A las puertas del juicio por la guardia y custodia de mi hijo pequeño, me pregunto si todo esto ha merecido realmente la pena. No tengo ninguna garantía de que la cosa salga bien ni tampoco que esté bien y para quién. Sé que he hecho lo que tenía que hacer y que, como ser humano que soy, me habré equivocado en algún momento pero siempre he actuado por el bien de mis hijos (o así por lo menos lo he creido).
Cada día es una incógnita de qué nuevo truco, trampa o mentira aparecerá en mi camino. Antes me revolvía, me indignaba, me exasperaba… No más. La vida viene como tiene que venir y todo sirve para aprender. Me pregunto si será parte de un mecanismo de defensa por intentar sobrevivir después de todo el sufrimiento que ha supuesto la defensa de los intereses e integridad de mis dos hijos, pero es lo que hay.
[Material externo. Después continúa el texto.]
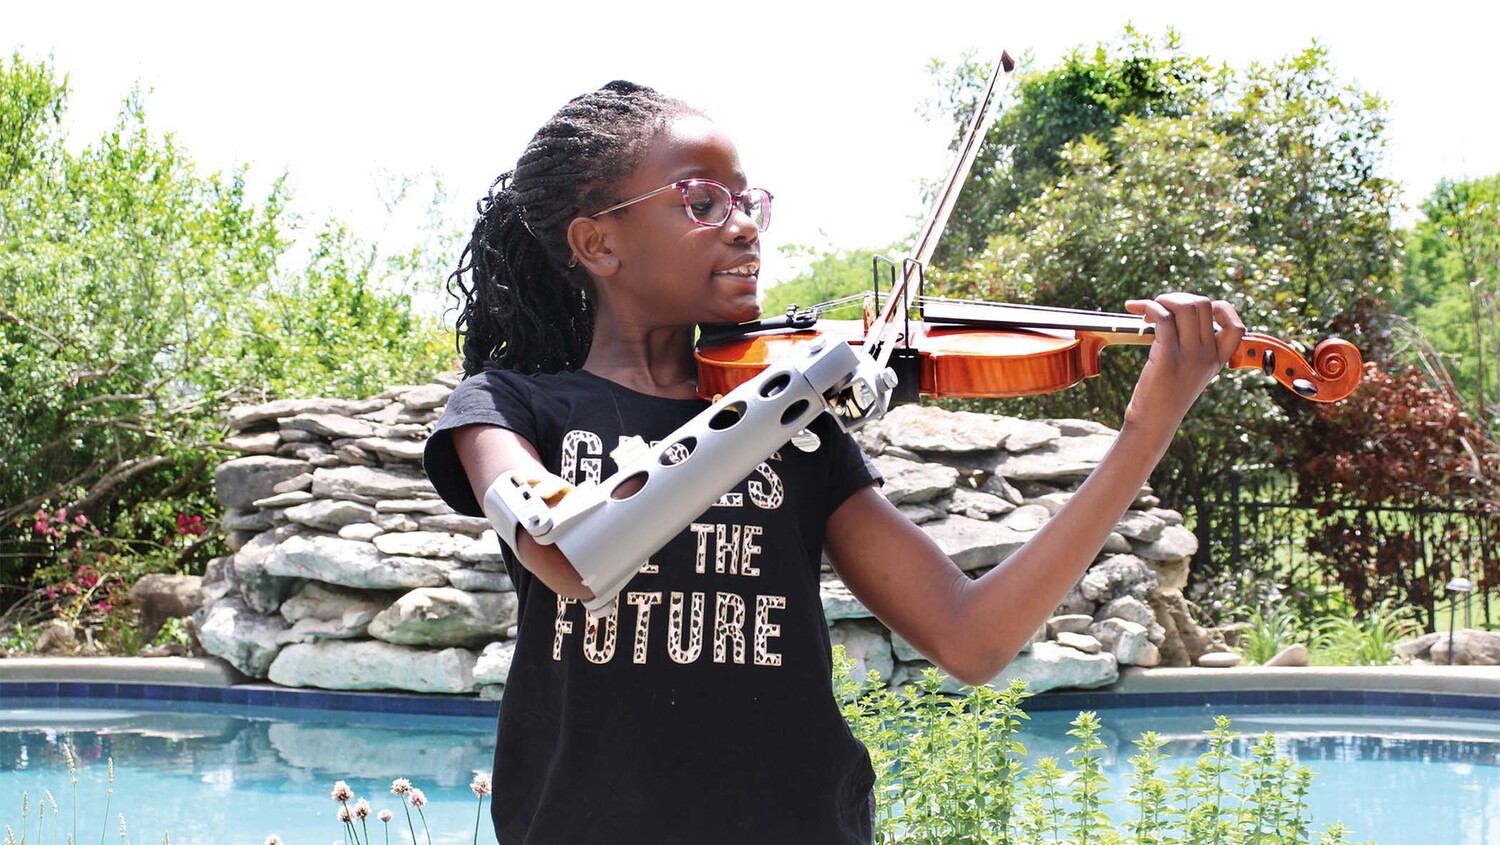 How Did a Team at OU-Tulsa Help a Young Girl Learn to Play the Violin?
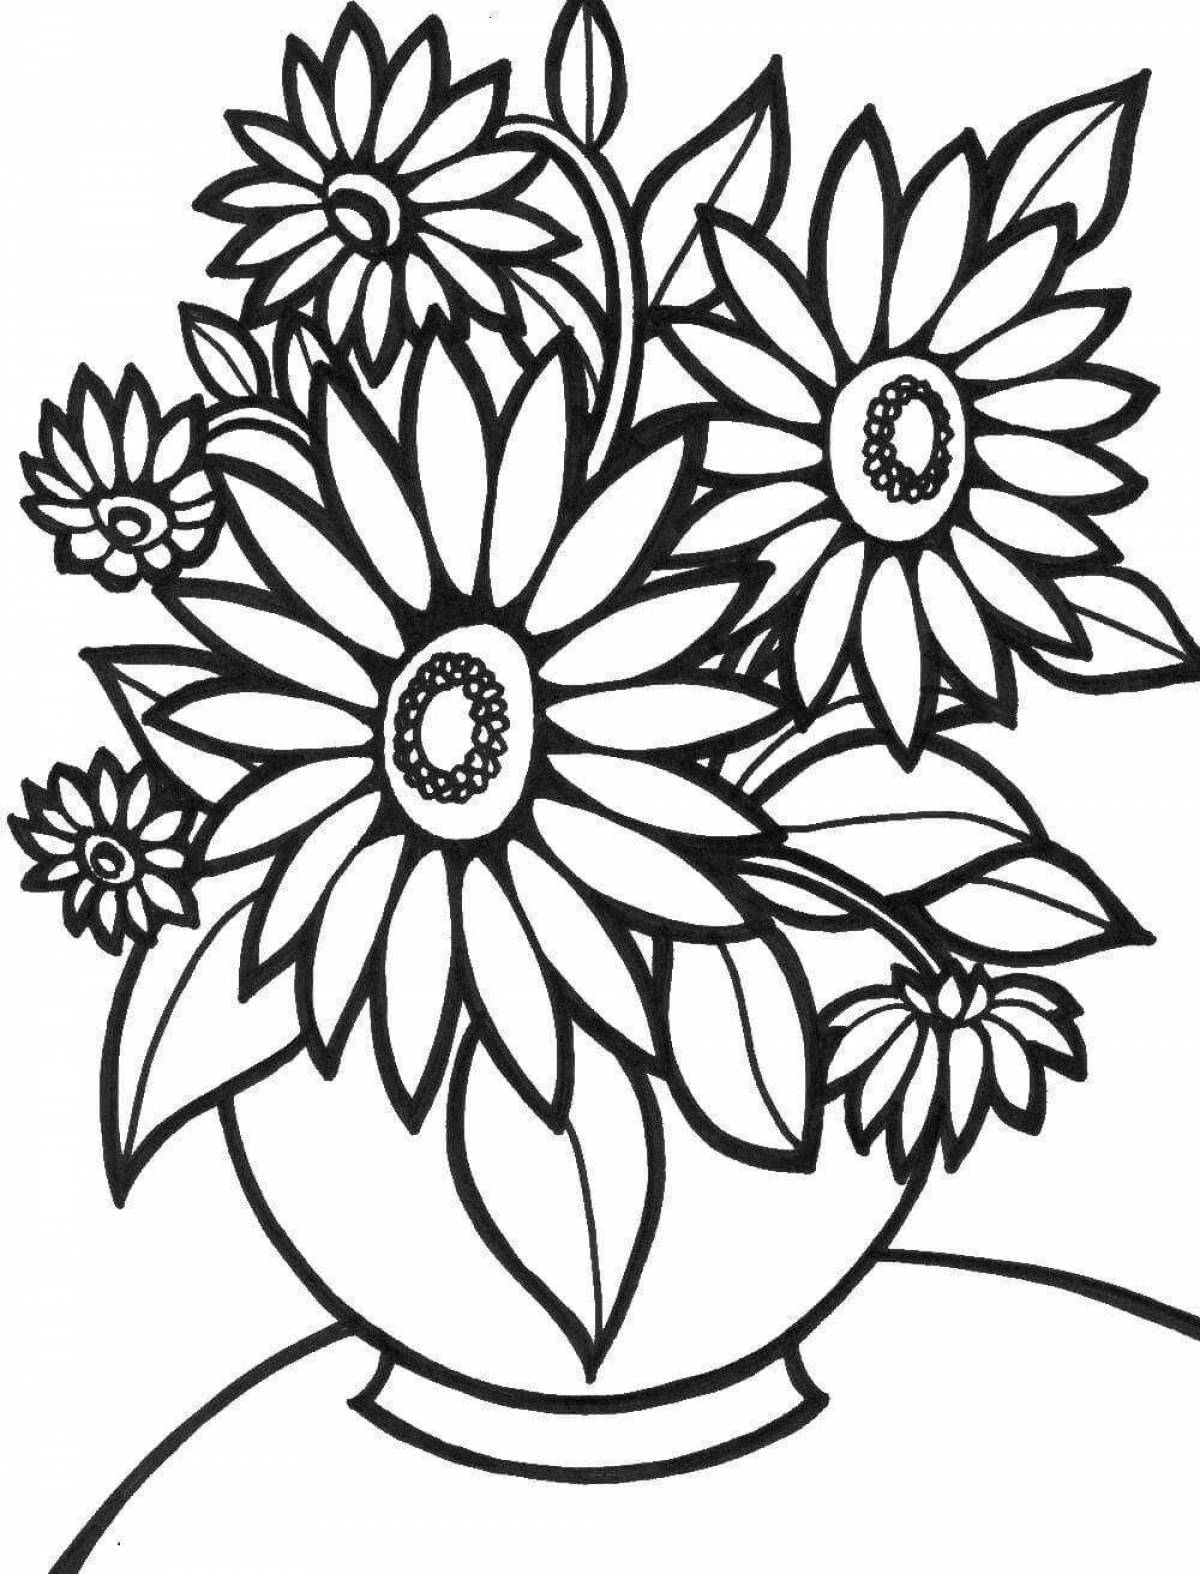 Charming coloring book in different colors

Me presento al juicio con mucha calma y, espero que, sin una brizna de rencor. El rencor hace daño, carcome, deteriora y amarga. En la paz es mucho más fácil transmitir el mensaje y dejar que la energía positiva transite sin obstáculos.
Escribo como un robot precavida por las amenazas invisibles que me acosaron y me acosan, pensando que llegará un día en que todo esto acabará. ¿Las fuerzas del universo nos colocarán a cada uno en su sitio?